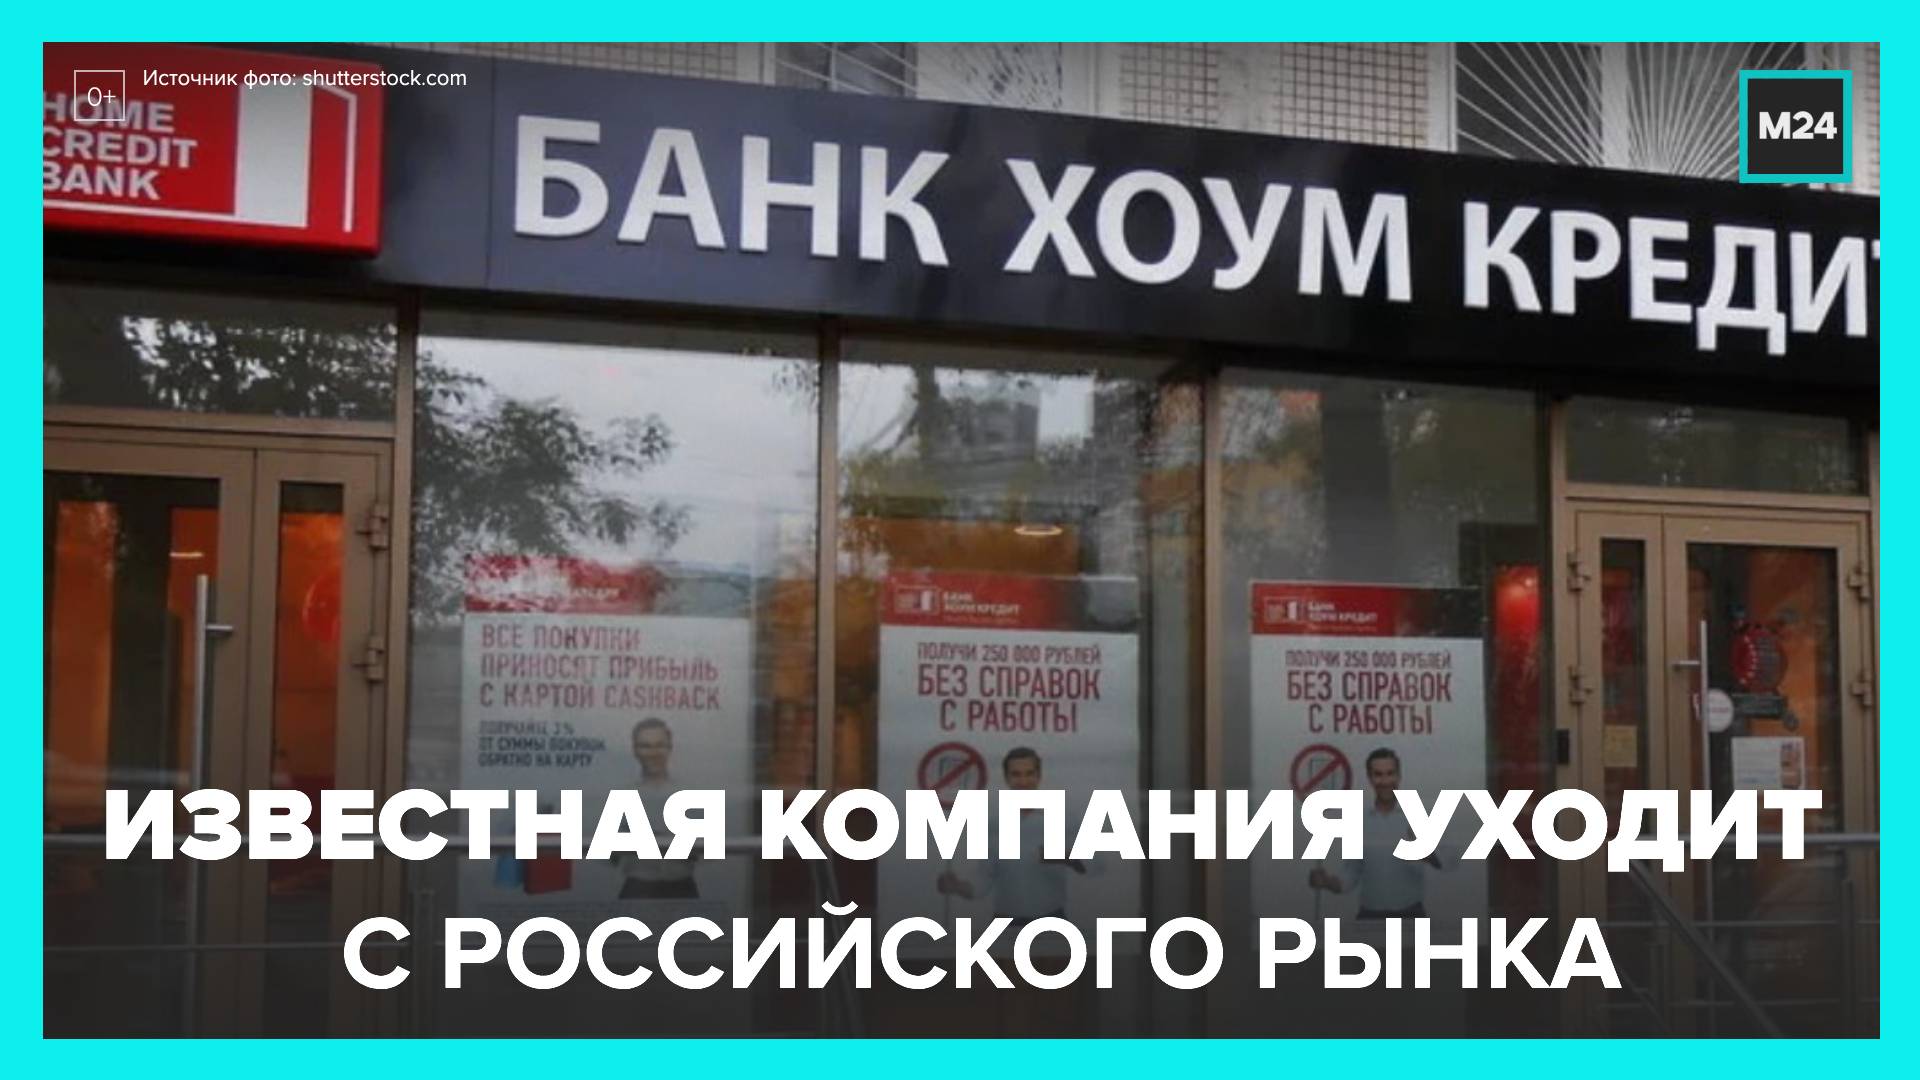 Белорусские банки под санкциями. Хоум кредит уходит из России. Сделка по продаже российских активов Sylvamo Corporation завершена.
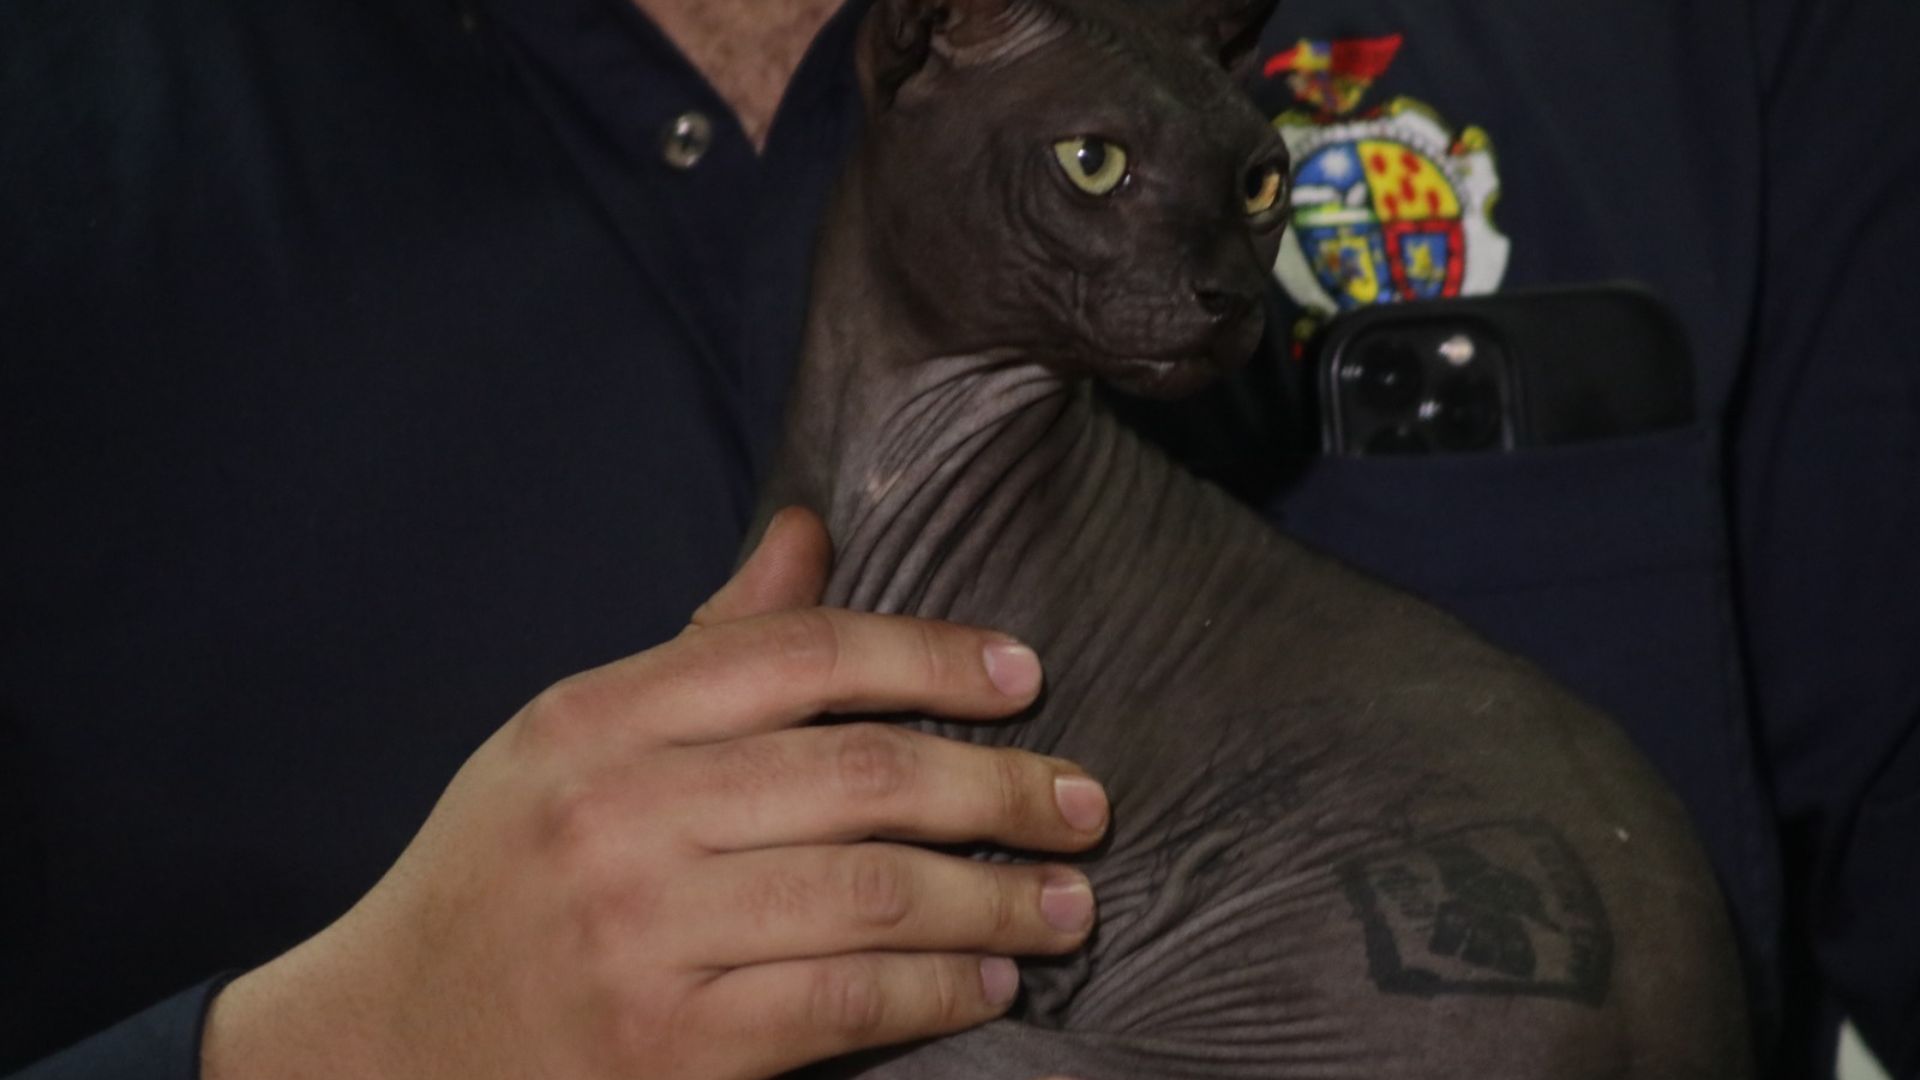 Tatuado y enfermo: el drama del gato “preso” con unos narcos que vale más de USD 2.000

...

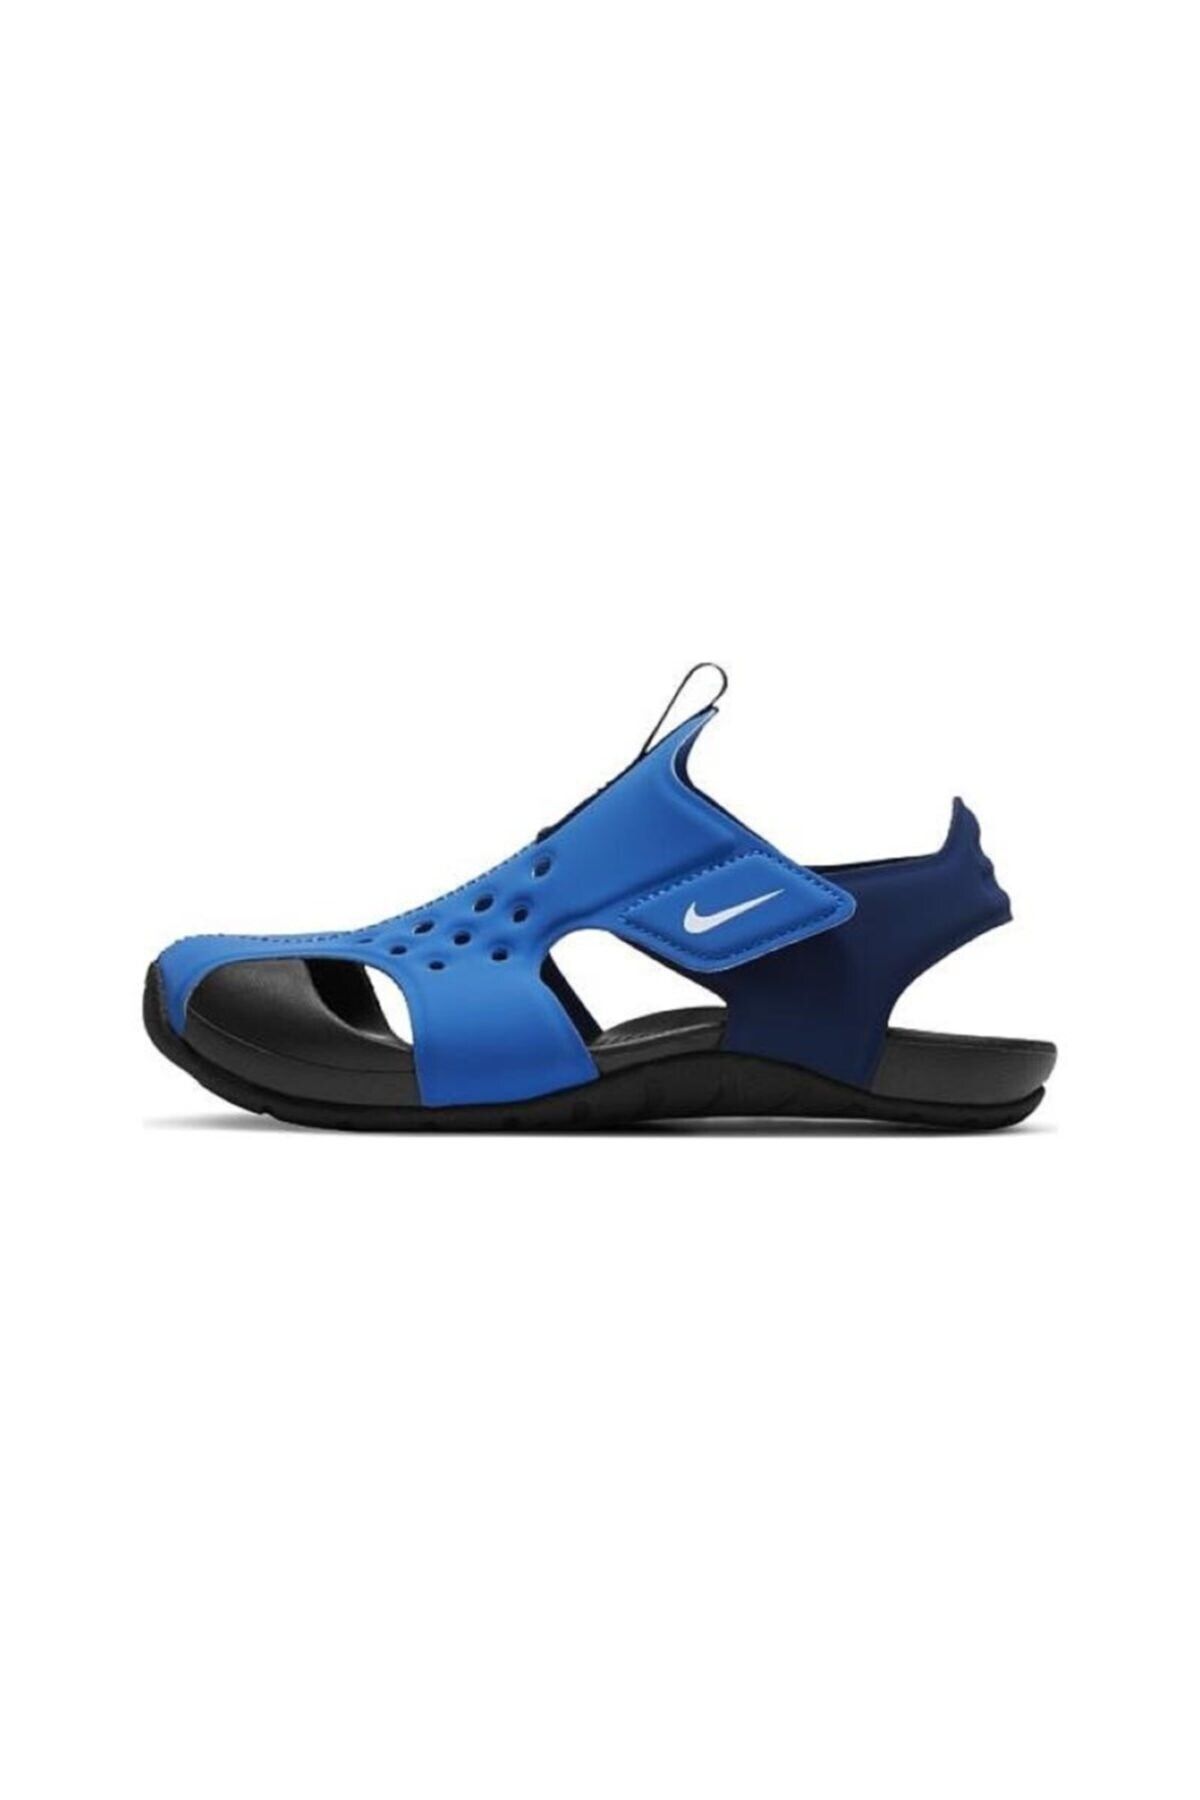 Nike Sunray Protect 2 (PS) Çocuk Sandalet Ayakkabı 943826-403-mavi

## Problem description
Repeat exactly the lines above, beginning at the one containing "Белорусские банки под" and ending at the one containing "Tatuado y enfermo: el". Do not carry over any pictures.

## Response for this exercise
 Белорусские банки под санкциями. Хоум кредит уходит из России. Сделка по продаже российских активов Sylvamo Corporation завершена.
 Tatuado y enfermo: el drama del gato “preso” con unos narcos que vale más de USD 2.000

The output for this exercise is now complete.